**Supplied material**
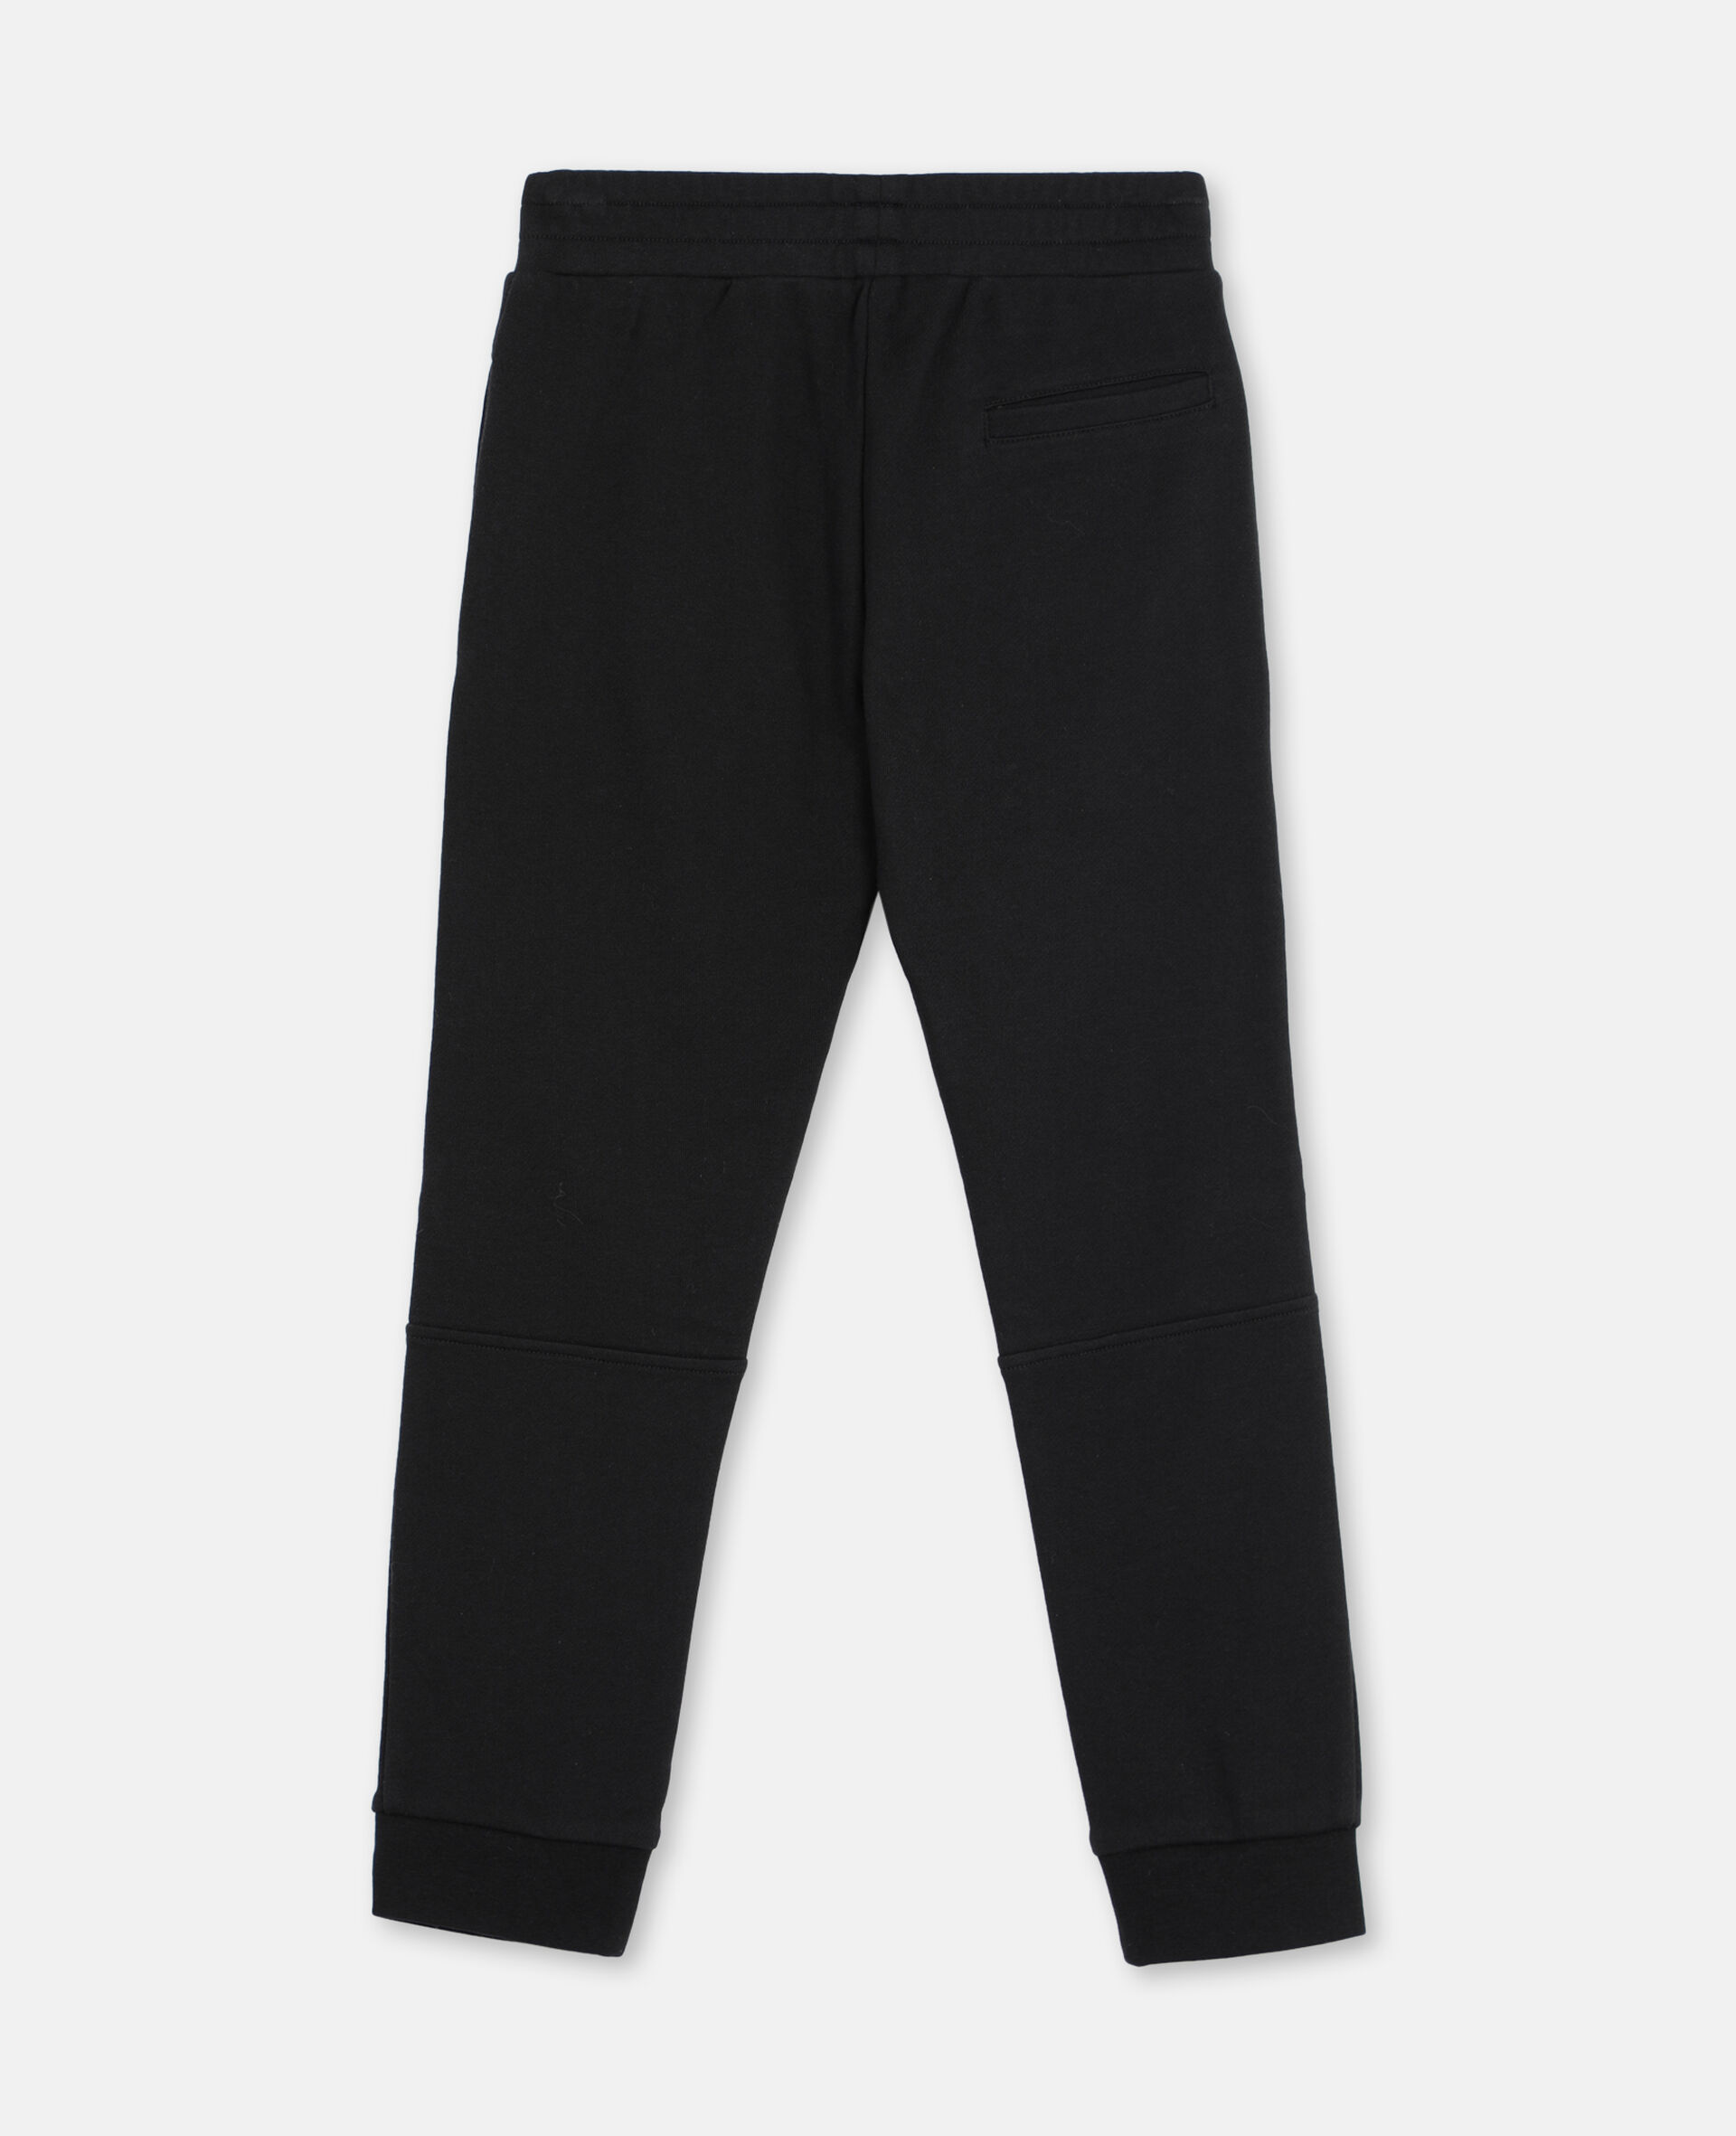 Basic 棉质运动裤 -黑色-large image number 3
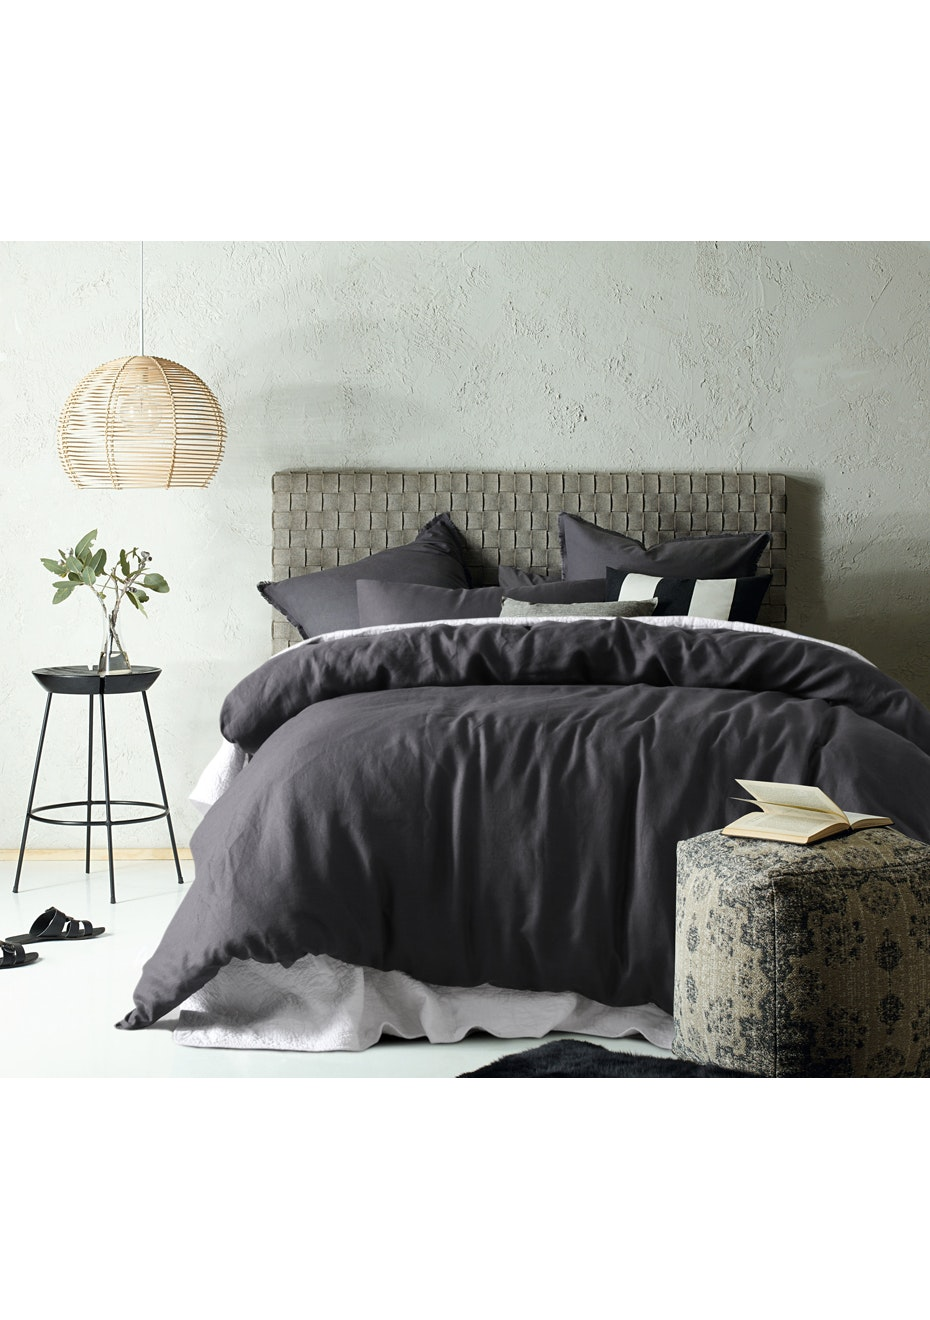 Linen/Cotton Slate Quilt Cover Set - King Bed
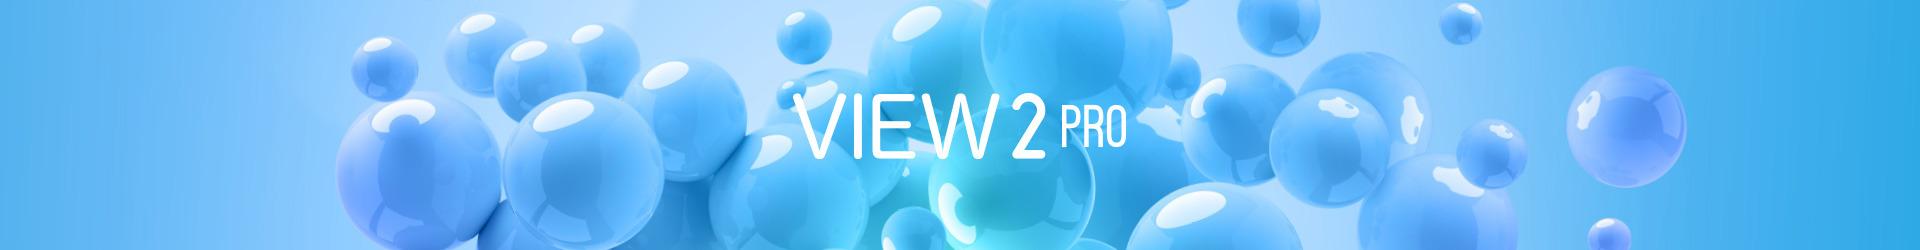 Smartphone View2 Pro
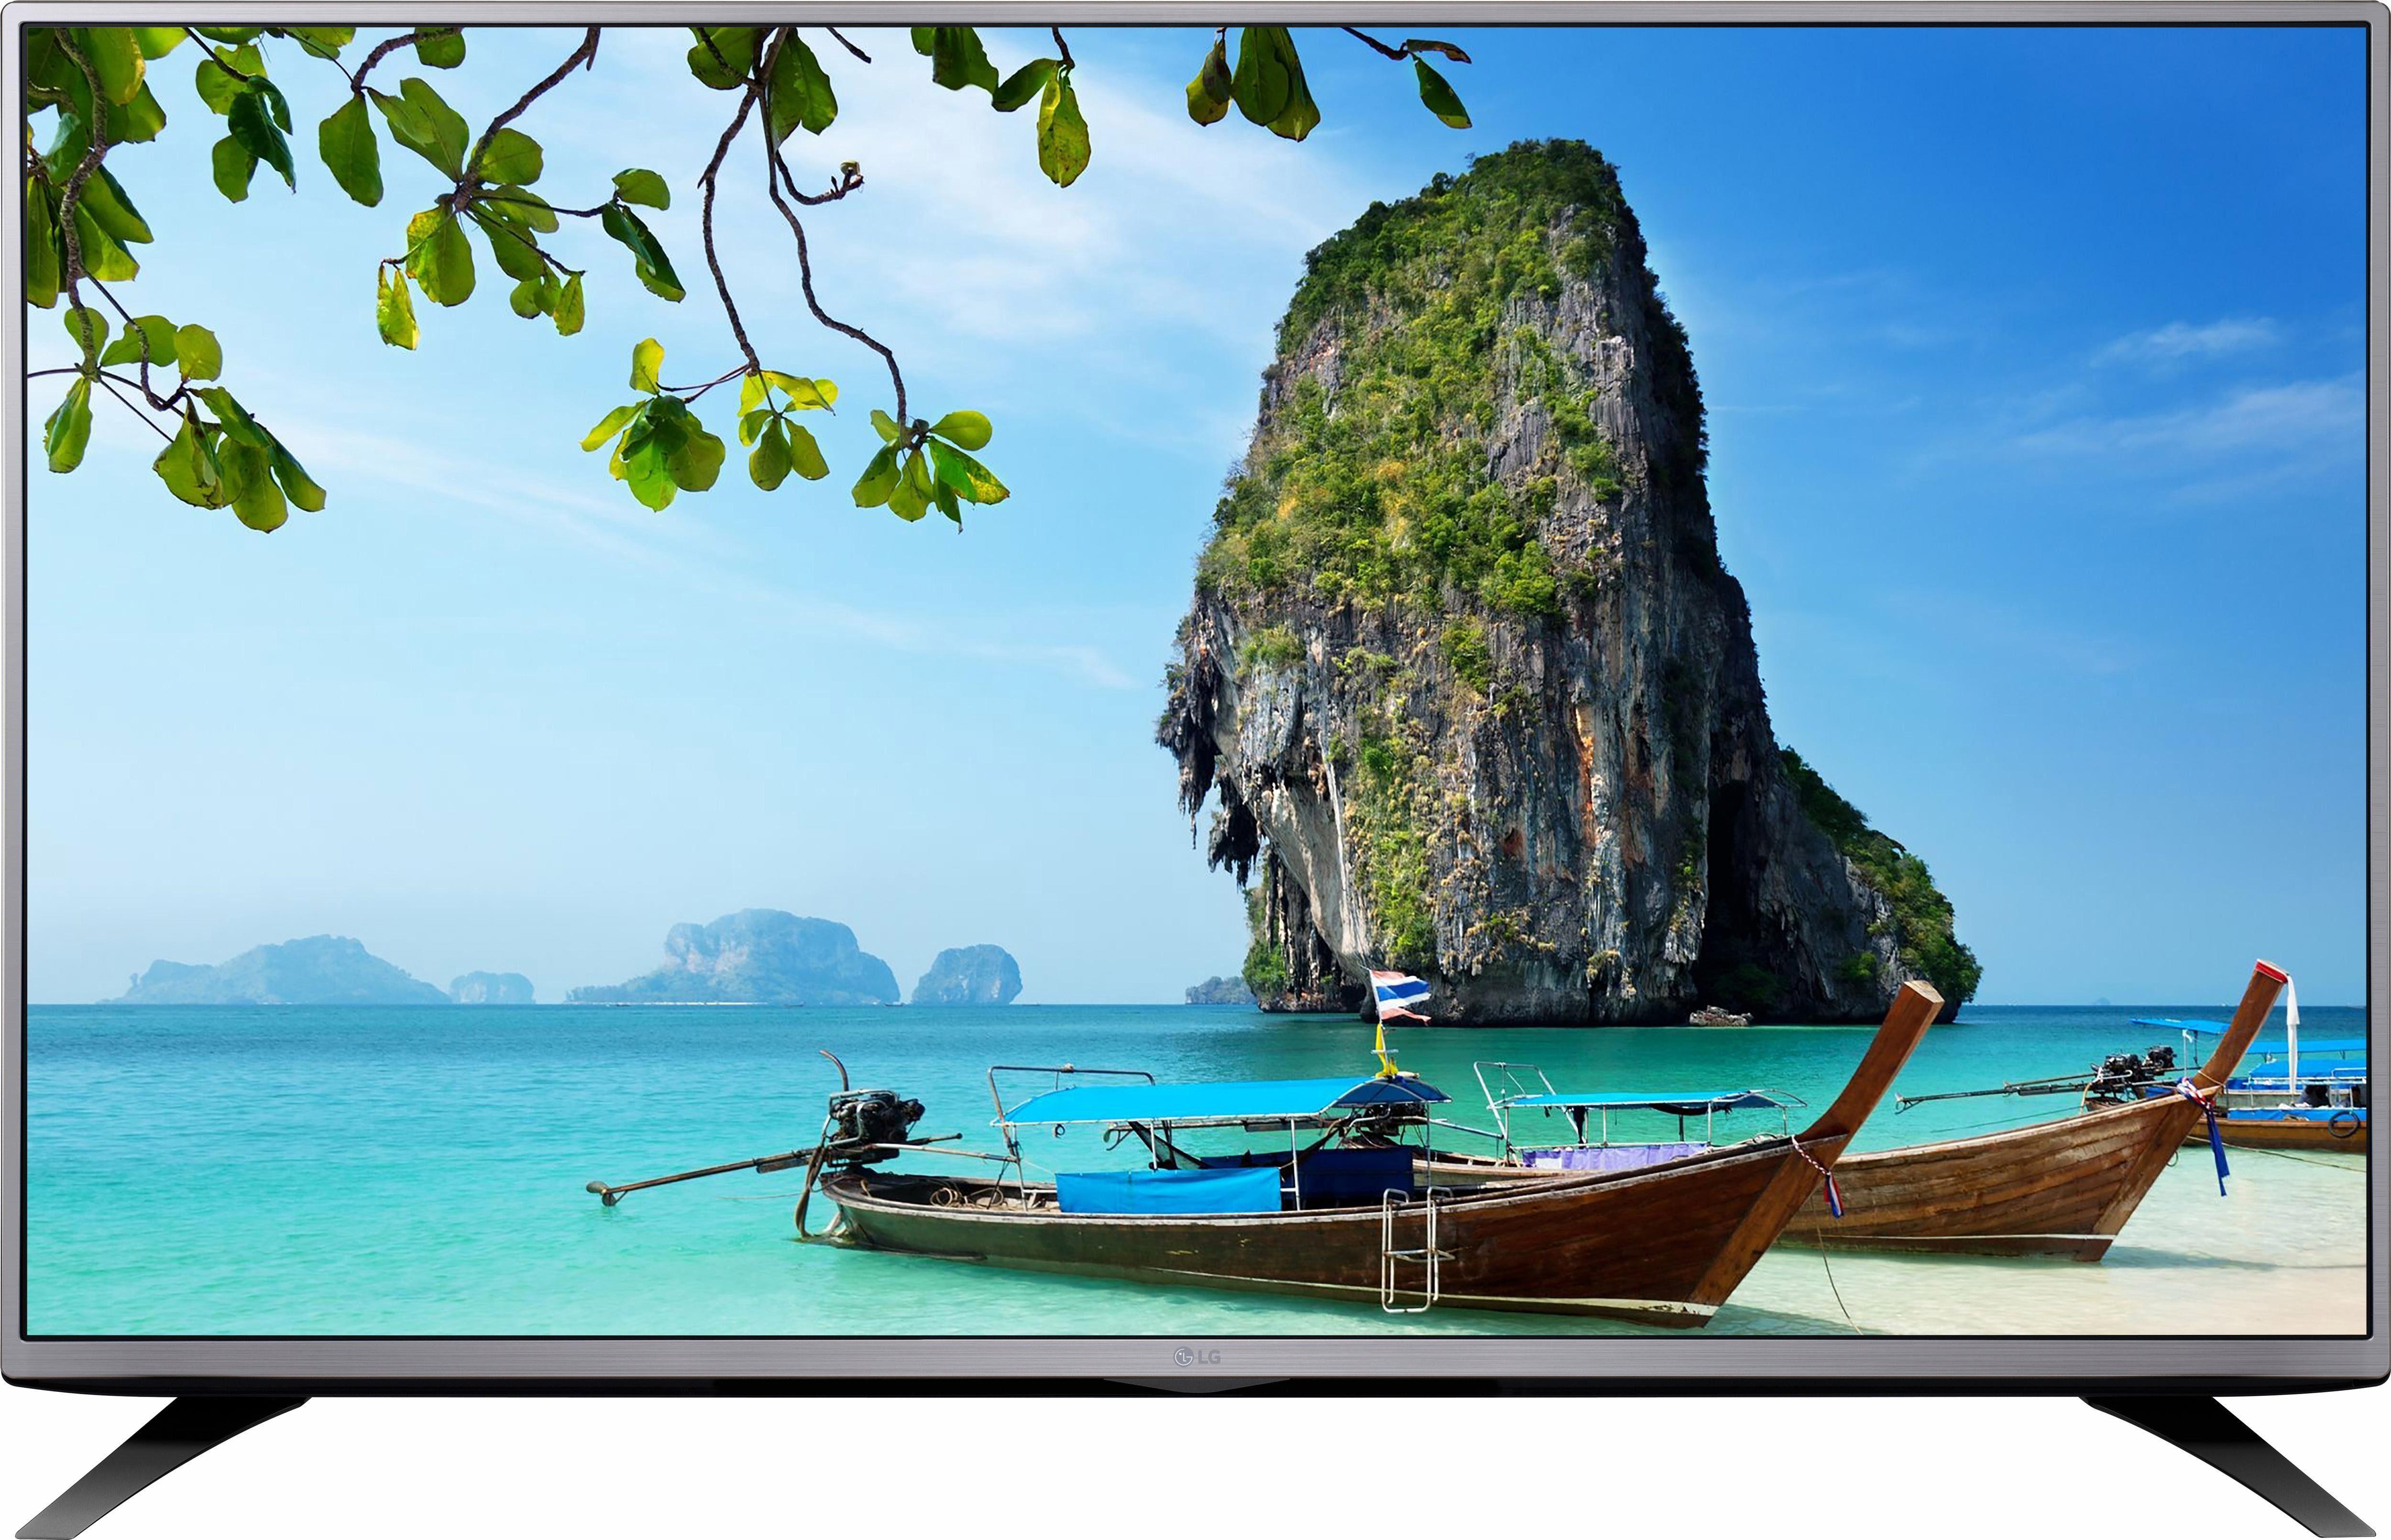 LG 49LH541V, LED Fernseher, 123 cm (49 Zoll), 1080p (Full HD)

**Task goal**
Quote everything in the listing above exactly; pictures are the only thing to omit.

**Response to this exercise**
 Basic 棉质运动裤 -黑色-large image number 3
 Linen/Cotton Slate Quilt Cover Set - King Bed
 Smartphone View2 Pro
 LG 49LH541V, LED Fernseher, 123 cm (49 Zoll), 1080p (Full HD)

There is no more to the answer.